Stocks and currency hit over euro zone austerity measures

| May 14, 2010 | 0 Comments
Stocks and currency hit over euro zone austerity measures

Shares have fallen across Britain, Europe and the US today after concerns about austerity measures in Greece, Portugal and Spain have re-surfaced.

The euro also fell against the US dollar to $1.25 - the first time since March last year.

The euro has already shed 12% this year against the dollar and is set to come under pressure in the coming weeks due to budget cuts in Greece, Spain and Portugal.

Meanwhile, the falls come despite the €500 billion (£433 billion) emergency rescue package, which was designed to prevent the Greek debt crisis from spreading to other euro zone nations.

There are still fears that other countries could be affected and London’s FTSE 100 index lost 3%, while France’s Cac fell 4.5%, Germany’s Dax 3.1% and the US Dow Jones lost 2%.

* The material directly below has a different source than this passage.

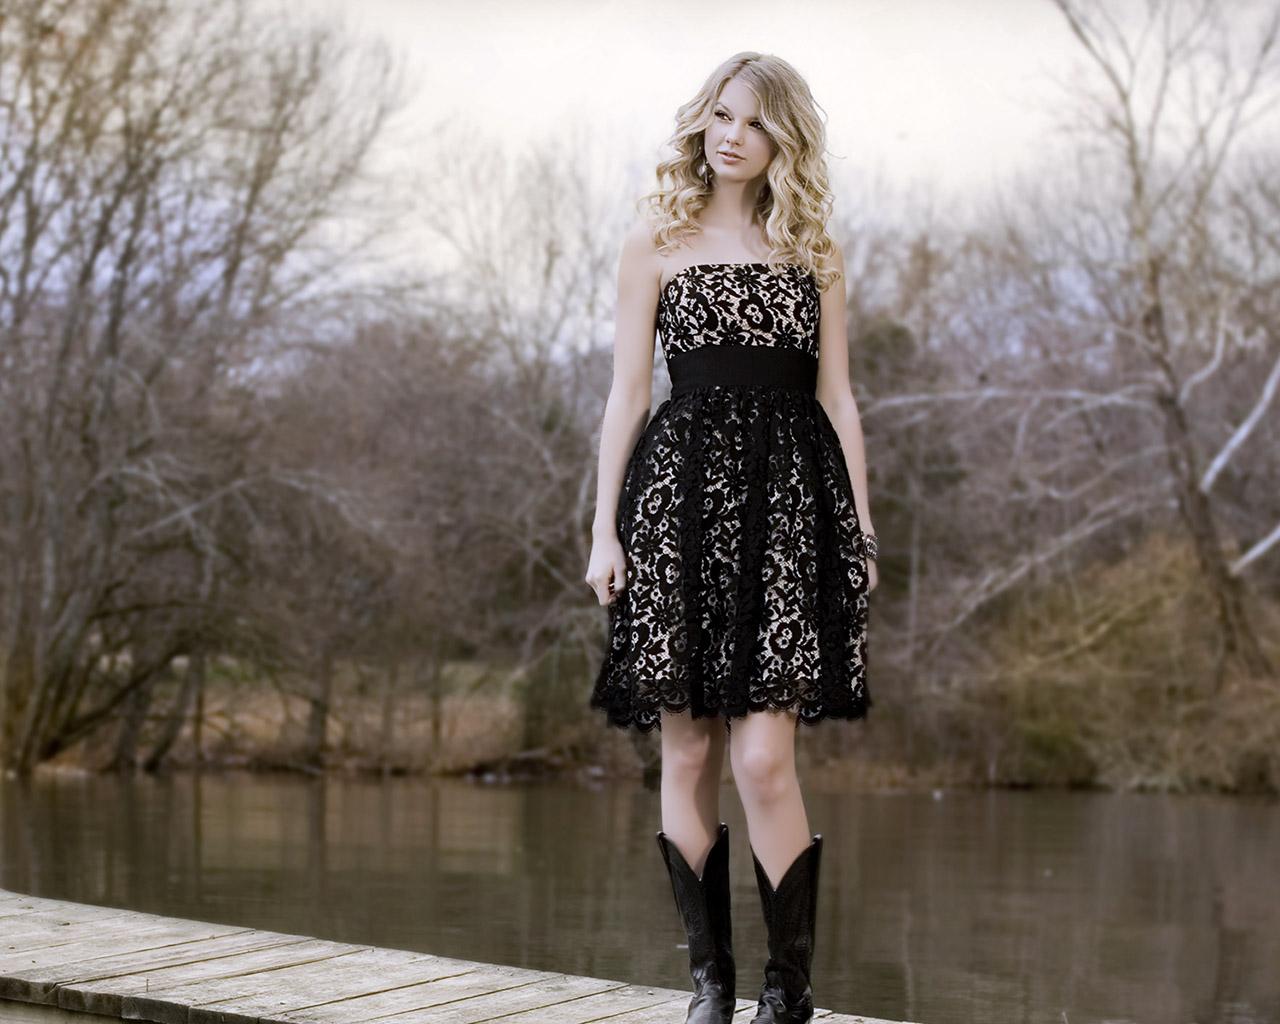 Taylor Swift Hd Wallpapers 2012
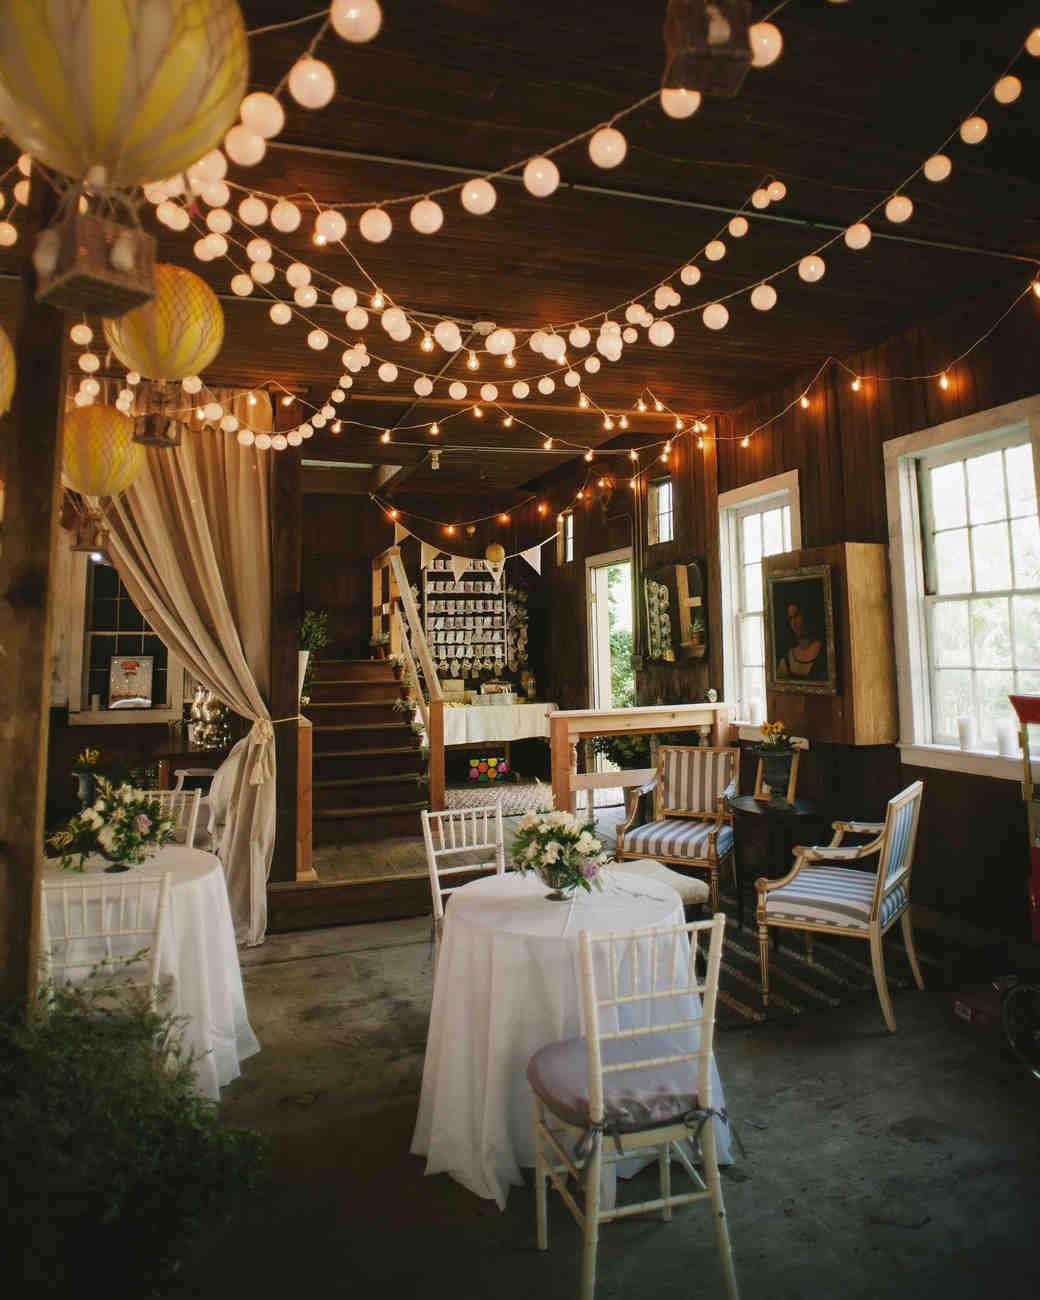 Barn Style Wedding In Ma: A Vintage-Inspired Barn Wedding Woodstock, Connecticut

Shares in Spain and Italy were down 7.2% and 3.2% respectively.

Analyst Lee Kok, head of research at Phillip Securities in Singapore, said the rescue package was widely regarded as good news initially but “investors are starting to focus on the impact the austerity measures will have on the macroeconomic picture in Europe.”

Earlier this week, Spain’s Prime Minister Jose Luis Rodriguez Zapatero announced tough austerity measures which include a 5% cut to public sector salaries, as well as reductions to pensions and regional Government spending.

However, there are fears over the tough austerity measures after they were implemented in Greece, which resulted in workers staging strikes across the country and led to three deaths in Athens last week after protesters set fire to a bank.

Spain’s two biggest unions, the CCOO and the UGT, are to stage a walkout on June 2 and have threatened to call a general strike to protest against the measures.

Finally, the tough austerity measures, which are being implemented in many euro zone nations, are expected to hamper growth in the coming years, according to many economists.